Educational Purpose Only: Results are illustrative estimates and not financial advice.
How it works
A lump sum investment means putting a single large amount into an investment vehicle — a mutual fund, fixed deposit, or stock — all at once, rather than spreading it out over time. The future value is calculated using the compound interest formula: A = P × (1 + r/100)^n, where P is the principal, r is the annual return rate, and n is the number of years.

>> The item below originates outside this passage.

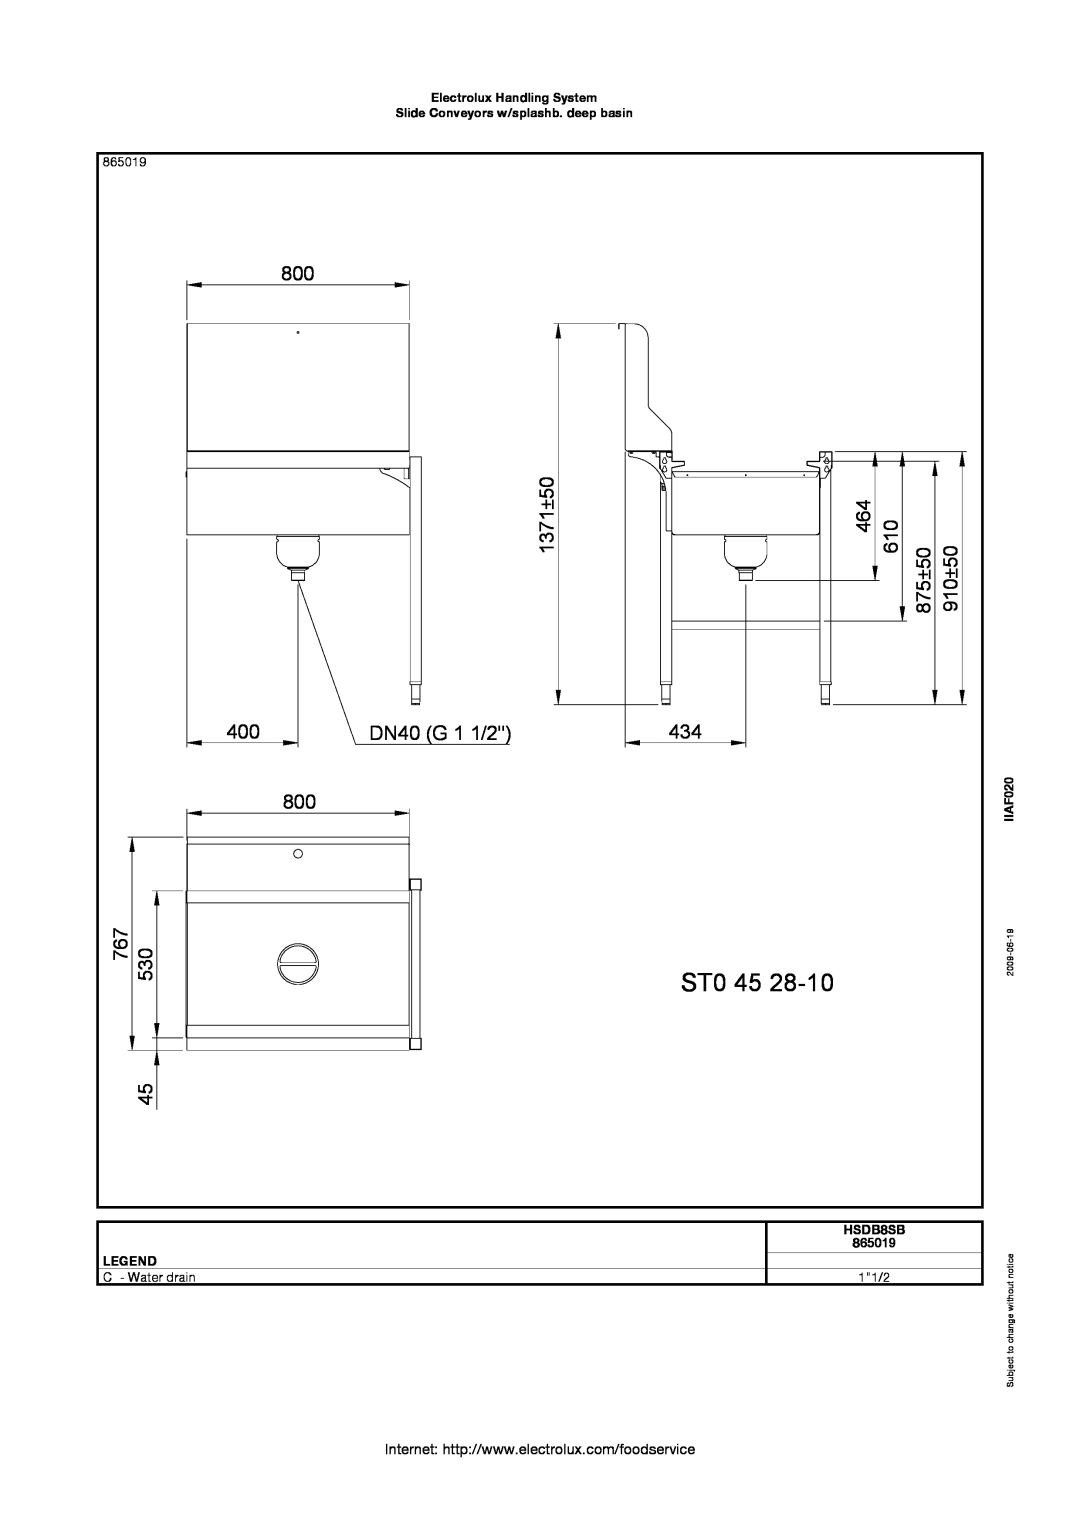 Electrolux SS-6 manual ST0 45, 865019, C - Water drain 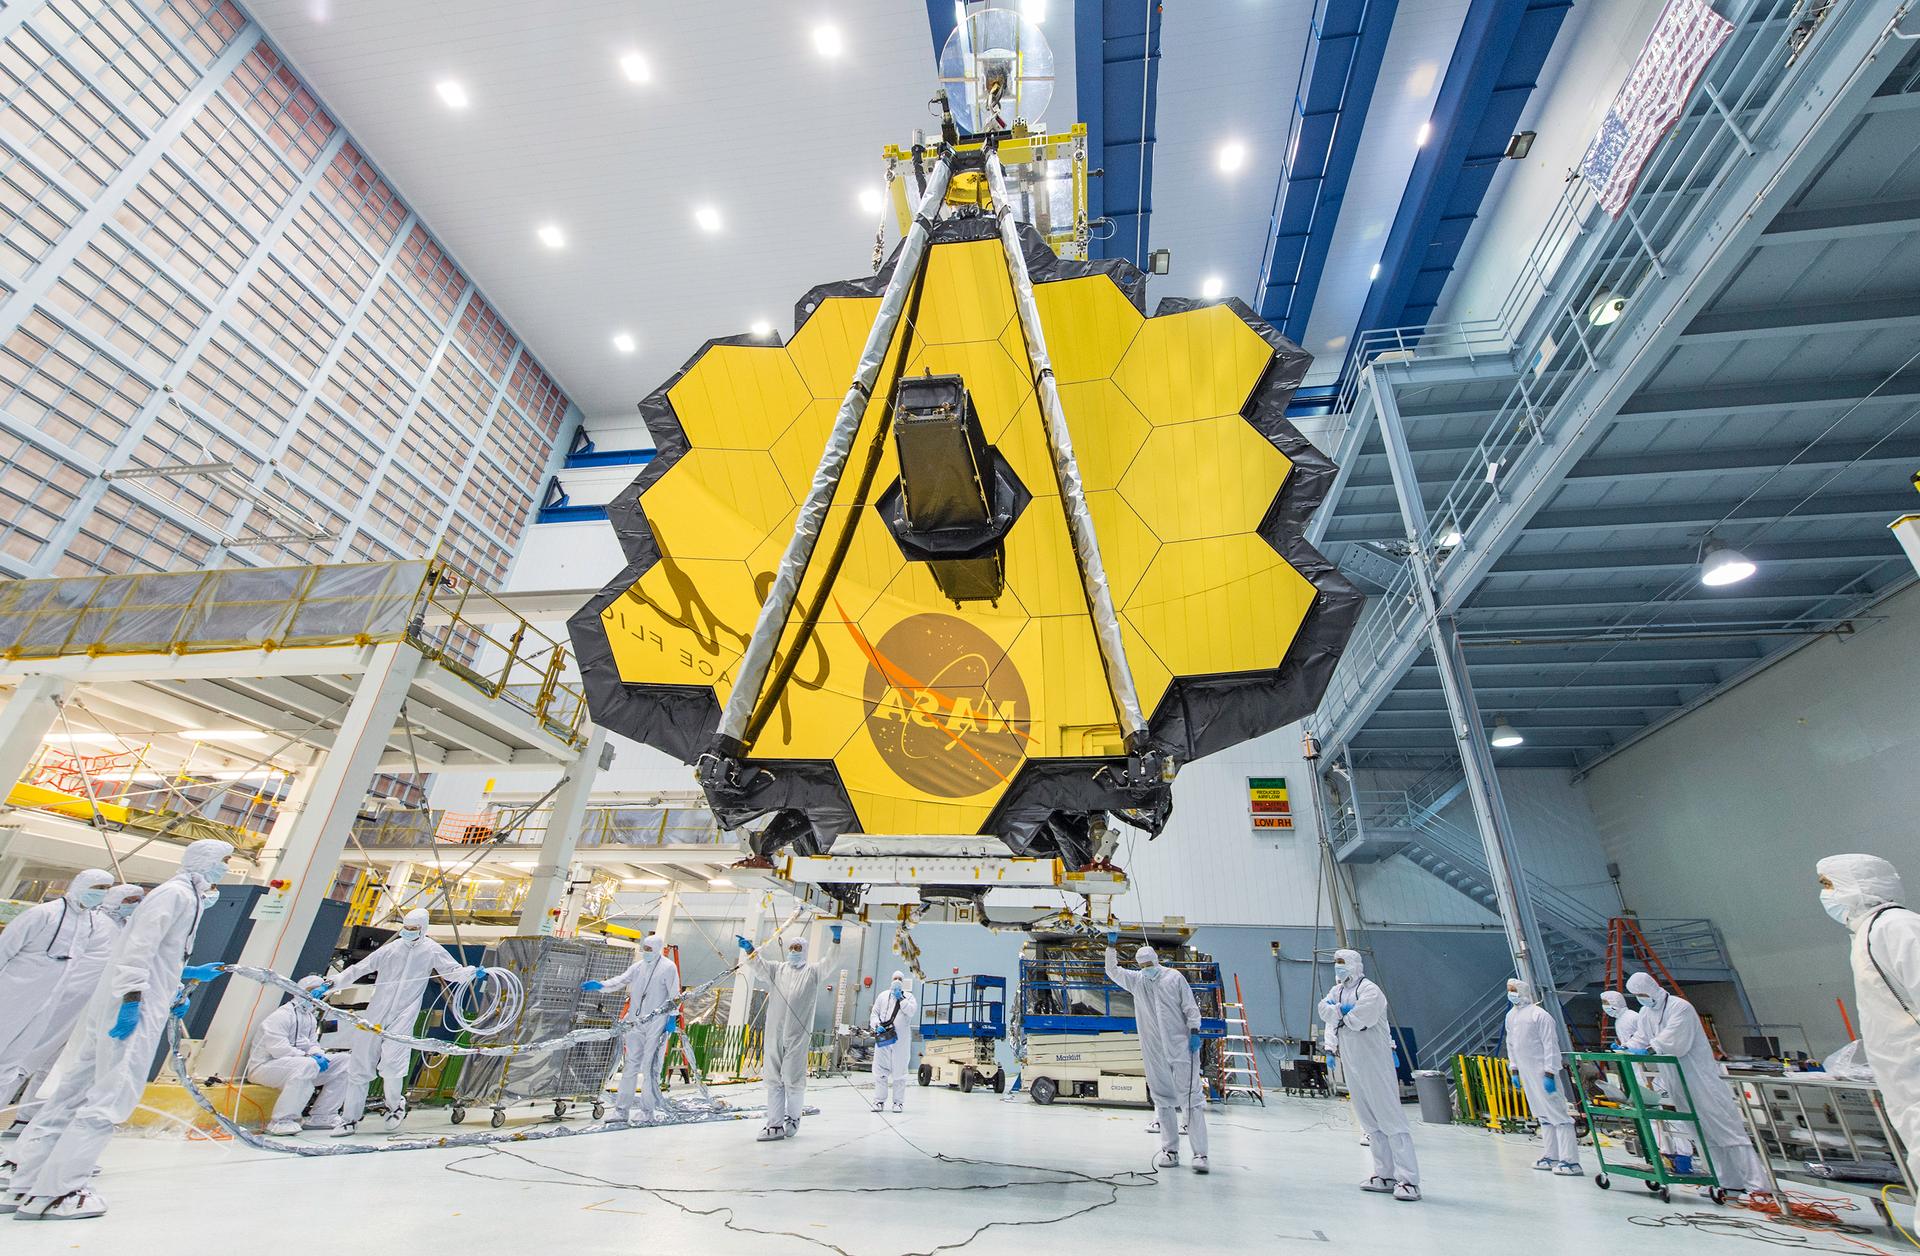 A view of the James Webb Space Telescope

Lump sum investing works best when you have a windfall — a bonus, inheritance, or maturity proceeds — that you want to put to work immediately. Over long periods, even modest returns compound into substantial wealth. For example, ₹1,00,000 invested at 12% per annum for 20 years grows to over ₹9.6 lakhs without any additional contributions.
Lumpsum vs SIP
While a lump sum puts all your capital to work immediately — maximising potential gains in a rising market — it also exposes you to the risk of investing at a market peak. A Systematic Investment Plan (SIP) spreads your investment over time, averaging out the purchase price. If you have a large sum available and a long investment horizon, a lump sum in an equity mutual fund can be highly rewarding. If you are unsure about market timing, consider splitting the amount into a lump sum plus a SIP over 6–12 months.
This calculator is for educational and illustrative purposes only. Mutual fund investments are subject to market risks. Past performance does not guarantee future returns. Please read all scheme-related documents carefully before investing.